The company took over Air Gaspé in 1973 and acquired more northern routes. In 1974 it bought two Boeing 707s for charter work and also a Boeing 727-100 aircraft for scheduled passenger service. It conducted charter flights to destinations in Florida, the Caribbean, Europe and Hawaii. Charter flights were discontinued in 1979 and the 707s were sold off. According to the February 1976 and November 1979 Official Airline Guides (OAG), Quebecair operated the Boeing 727-100 jetliner in scheduled passenger operations between Montreal, Quebec City and other destinations in Quebec and Newfoundland provinces.
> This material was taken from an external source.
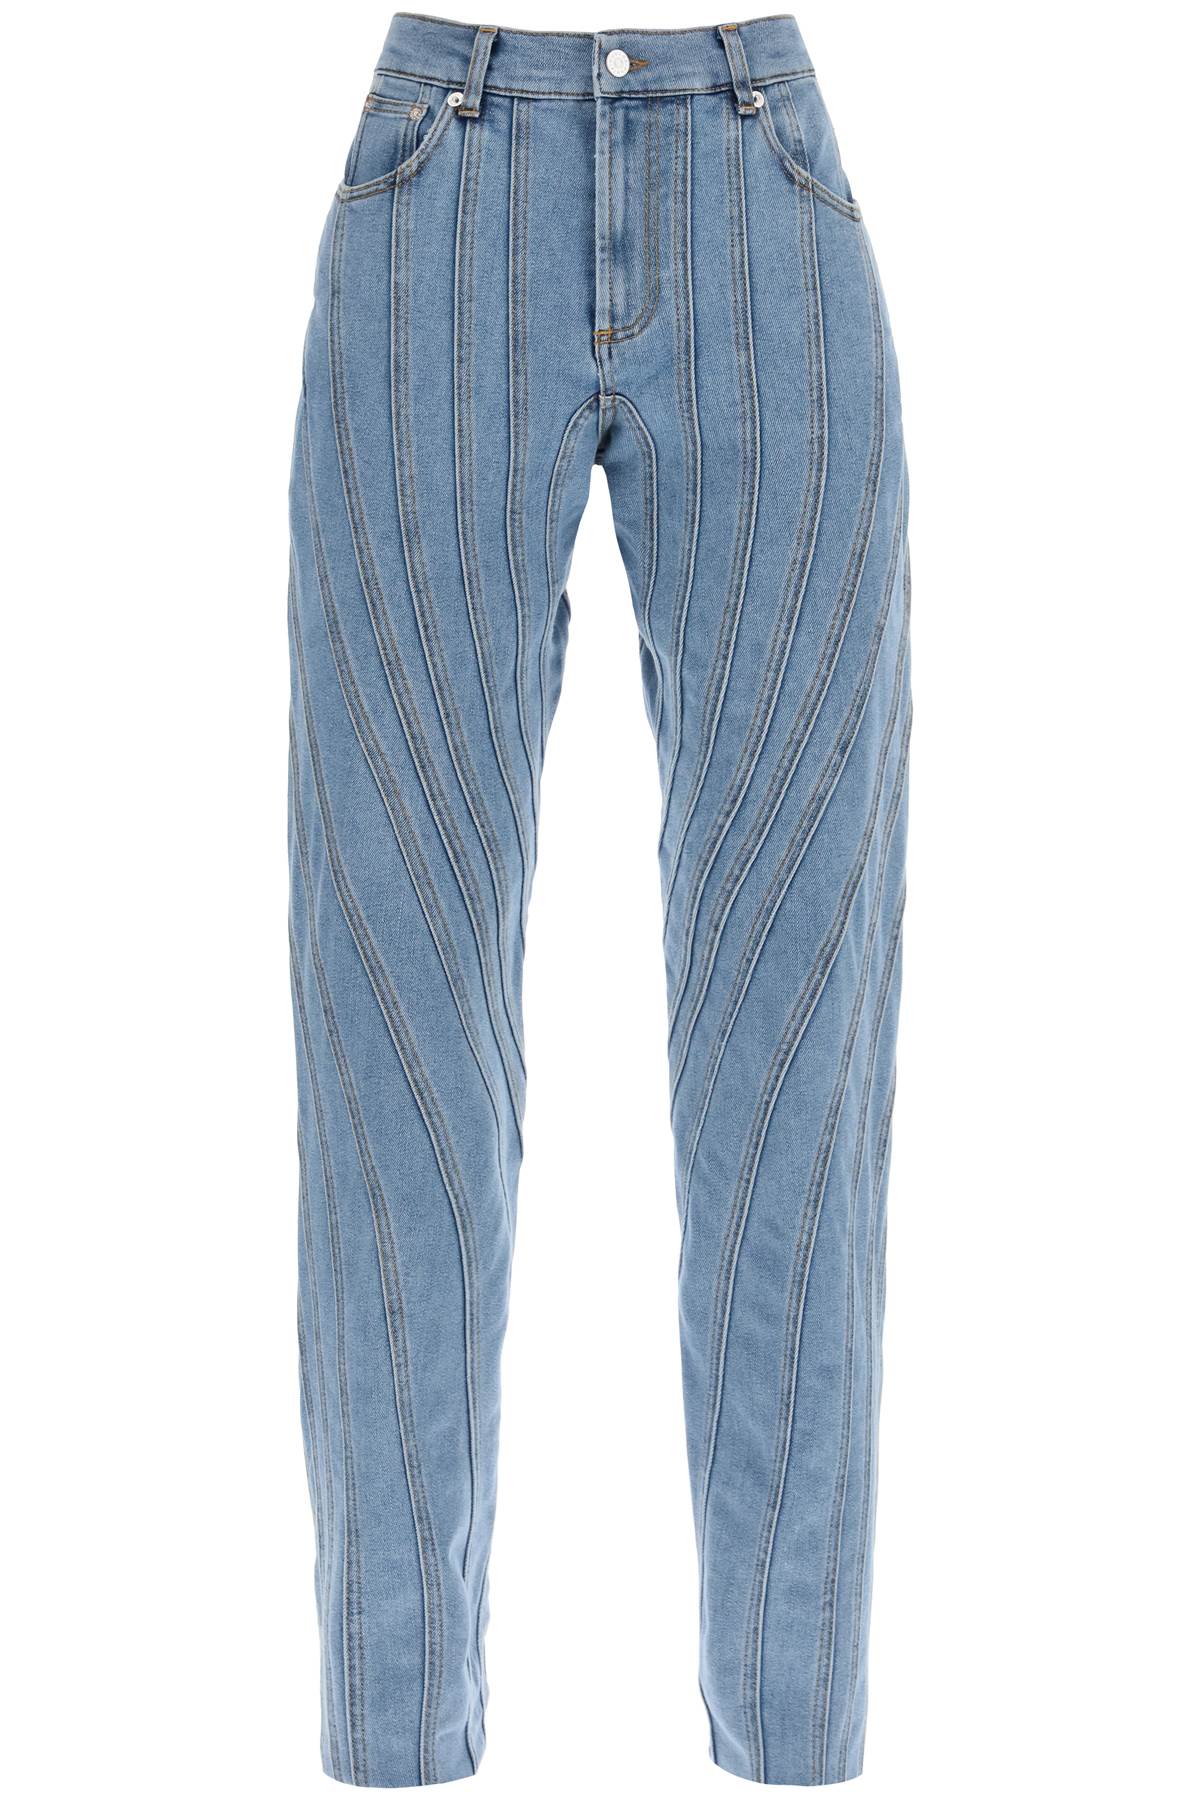 Mugler spiral baggy jeans-0

By 1981 the financial conditions at Quebecair had become difficult. All aircraft models except for the Fairchild F-27 turboprops and BAC One-Eleven jets were sold. This was a difficult time for Quebecair and other airlines. It did not introduce the Boeing 737-200 until 1982 when the 737s began replacing the BAC One-Elevens. The 111's were gone by 1985.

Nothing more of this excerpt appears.